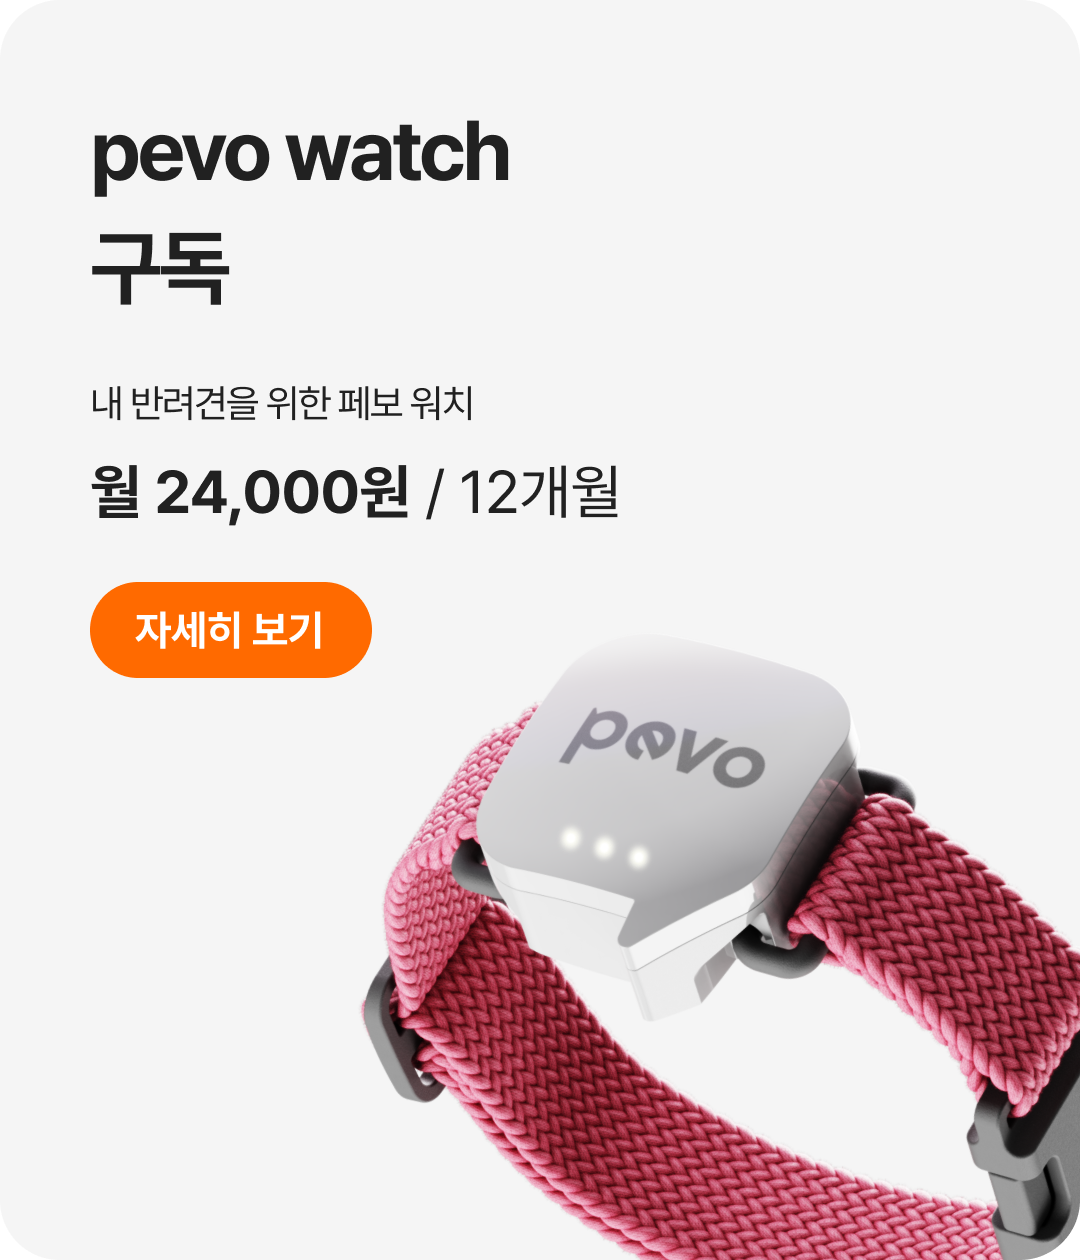 pevo app 나와 아이를 위한 밀착 연결 플랫폼, pevo watch로 수집된 건강데이터를 app으로 실시간 확인
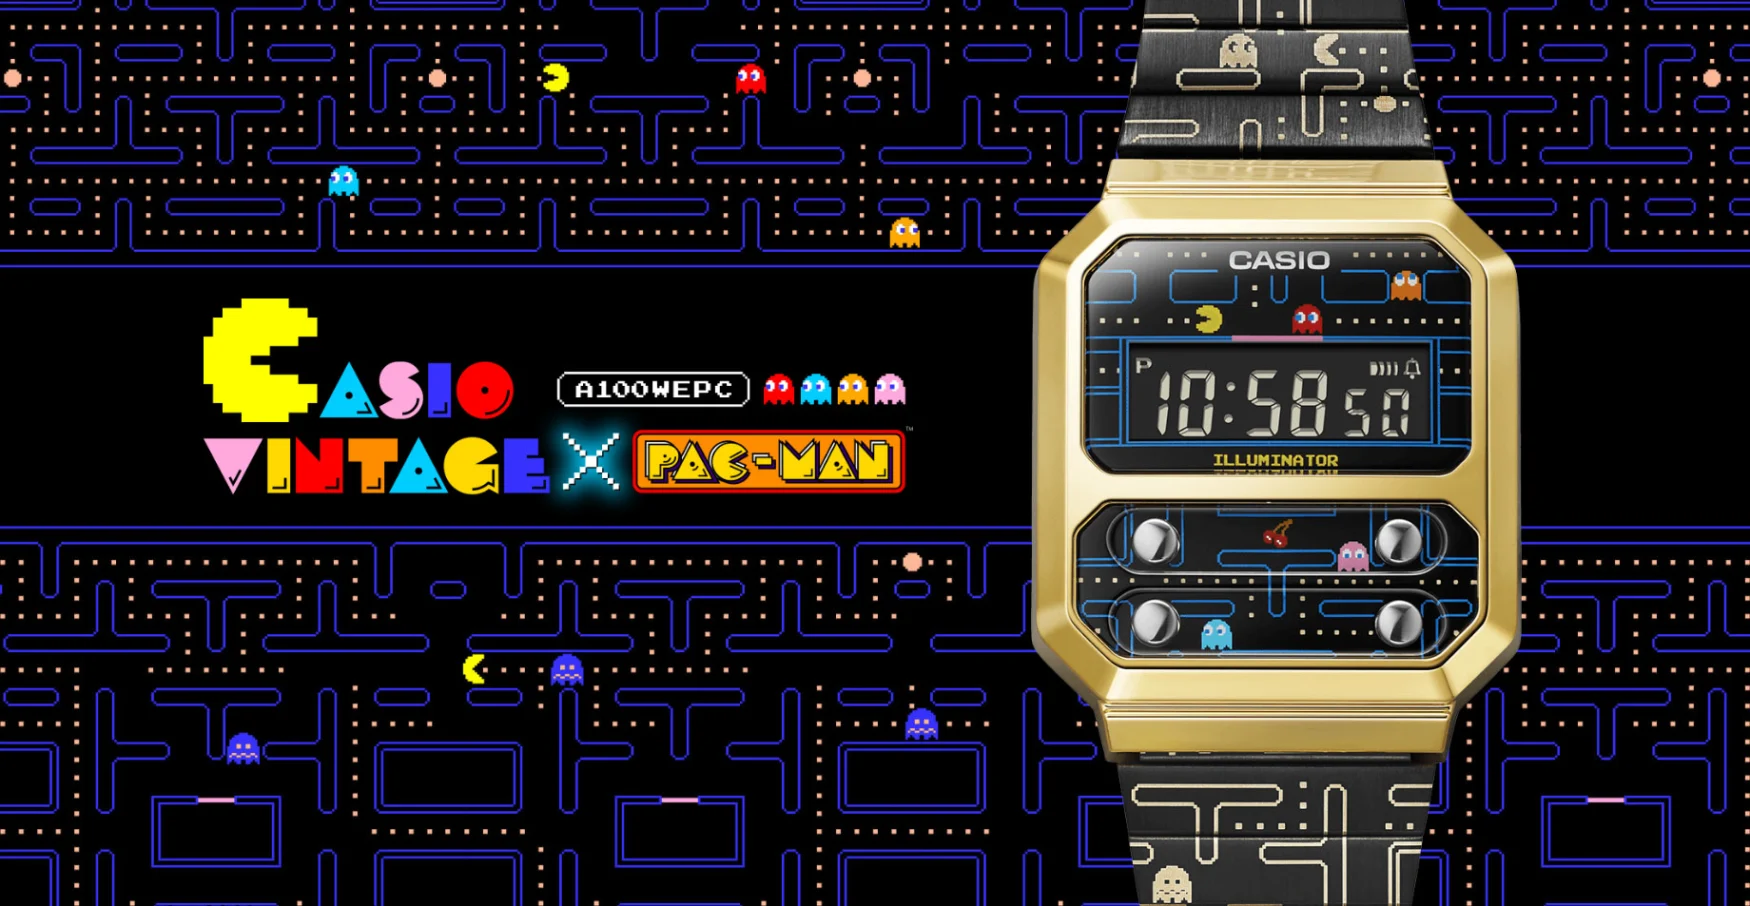 Casio unveils the Pac-Man edition A100 digital watch
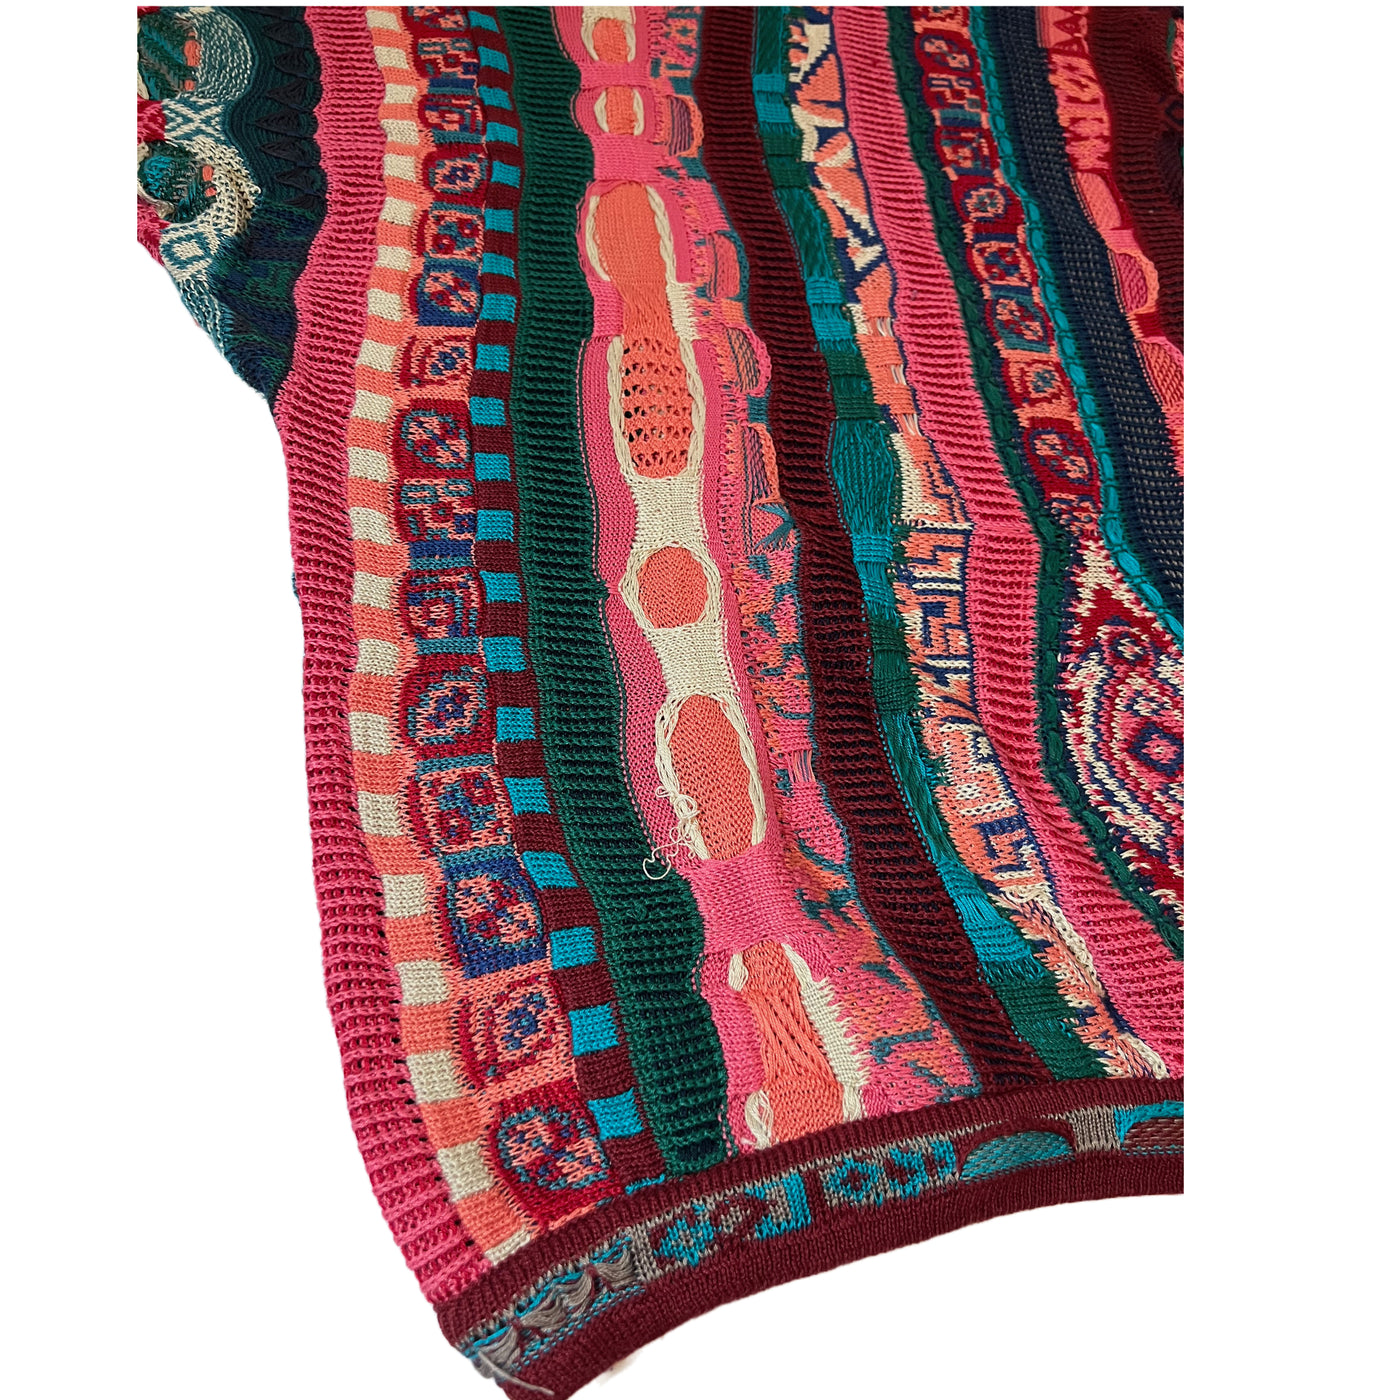 Vintage COOGI cotton multi color sweater. Size M

→ **Exercise instructions**: An exact copy of every line above, minus the pictures, is the required output.

→ **Response to the task**:
 pevo app 나와 아이를 위한 밀착 연결 플랫폼, pevo watch로 수집된 건강데이터를 app으로 실시간 확인
 Casio unveils the Pac-Man edition A100 digital watch
 Vintage COOGI cotton multi color sweater. Size M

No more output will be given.